■ DATA EXTRACT
┄┄┄┄┄┄

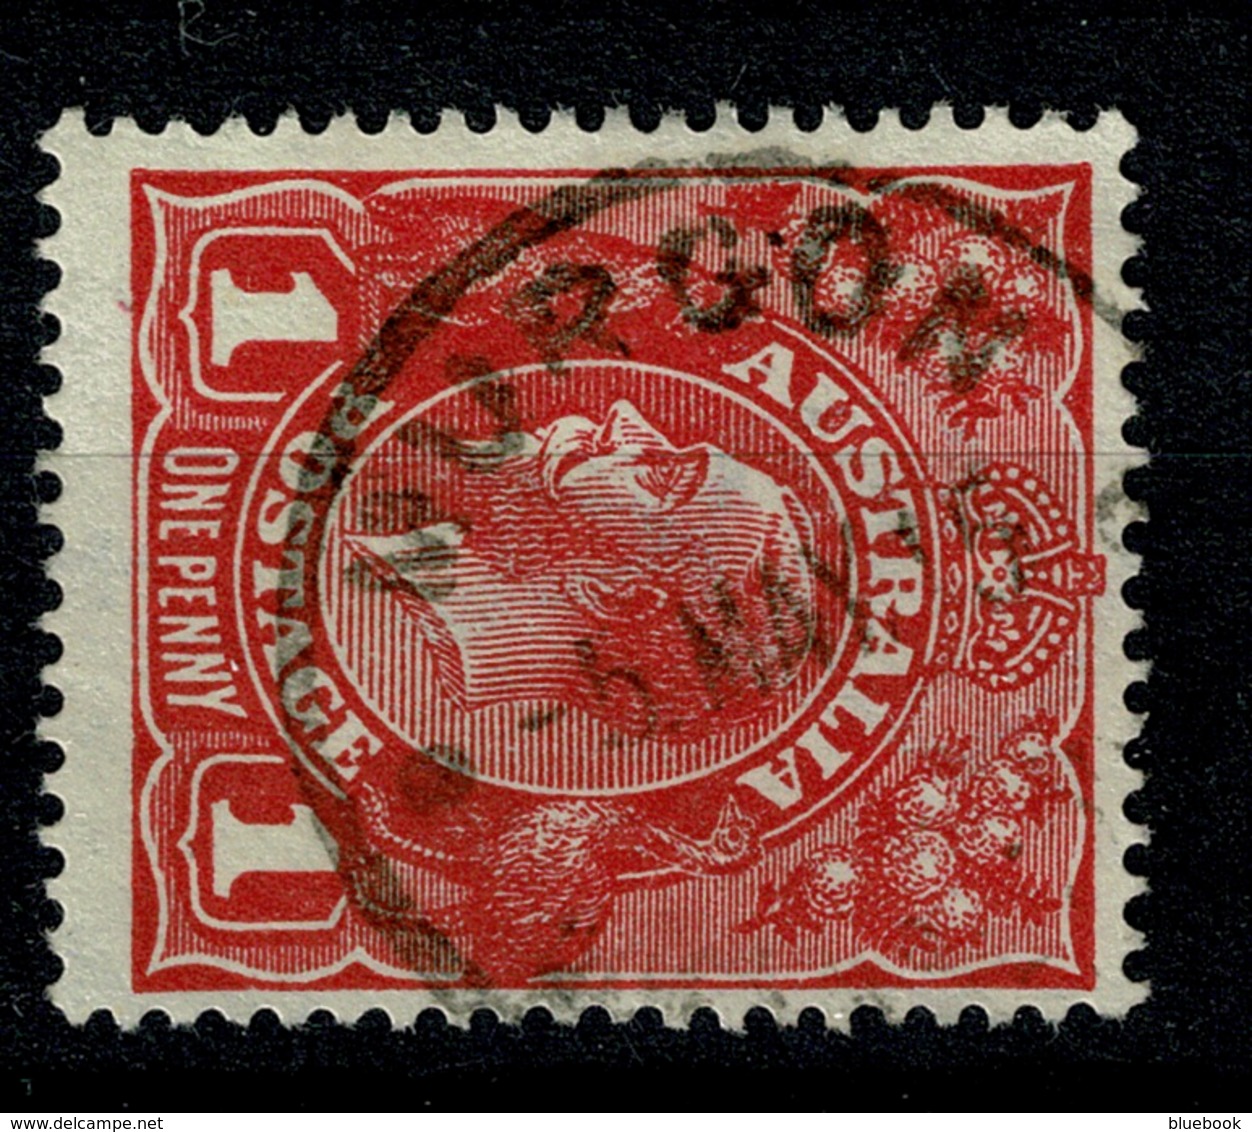 Ref 1258 - 1915 Australia KGV 1d Head Used Stamp - Murgon Queensland Postmark - Gebraucht
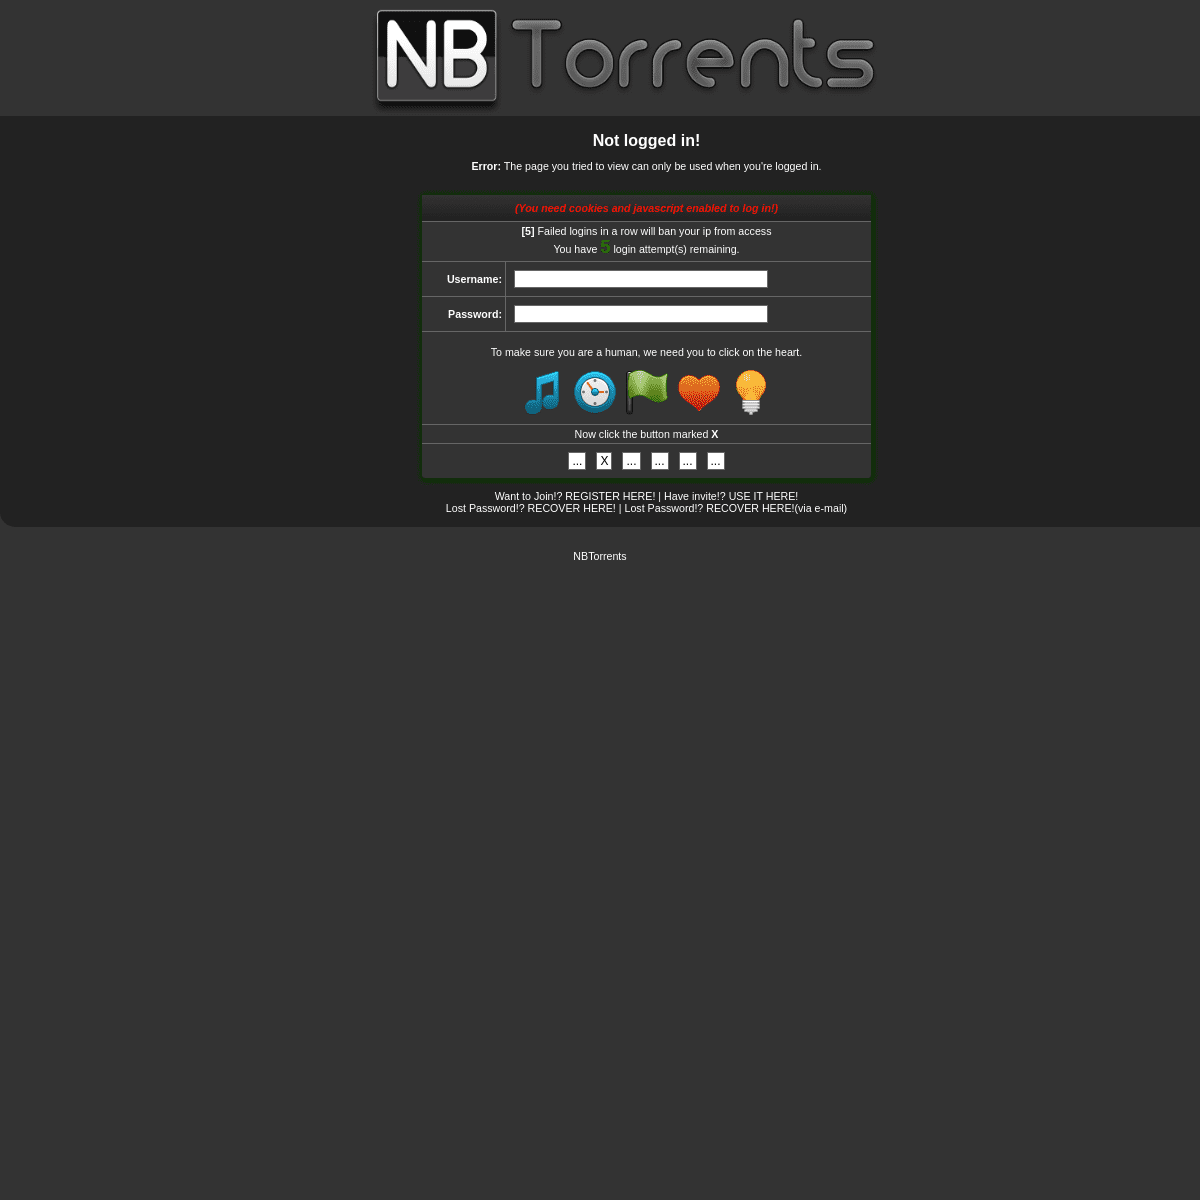 A complete backup of nbtorrents.com
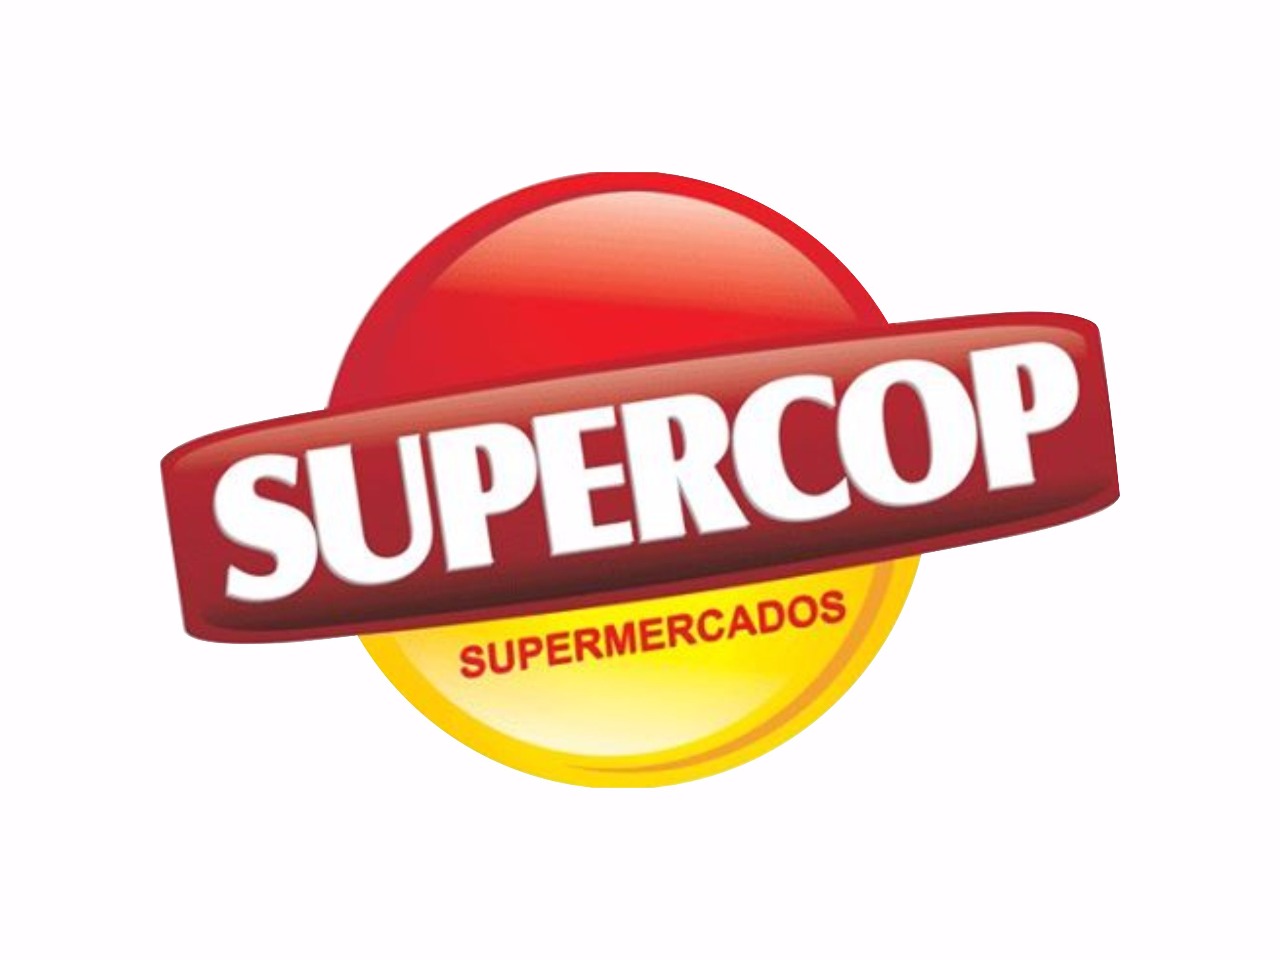 SUPERCOP SUPERMERCADOS

┄┄┄┄┄┄

■ EXERCISE DIRECTIONS
Output all of the data above exactly; no pictures should appear.

■ OUTPUT OF THE TASK
 Ref 1258 - 1915 Australia KGV 1d Head Used Stamp - Murgon Queensland Postmark - Gebraucht
 A complete backup of nbtorrents.com
 SUPERCOP SUPERMERCADOS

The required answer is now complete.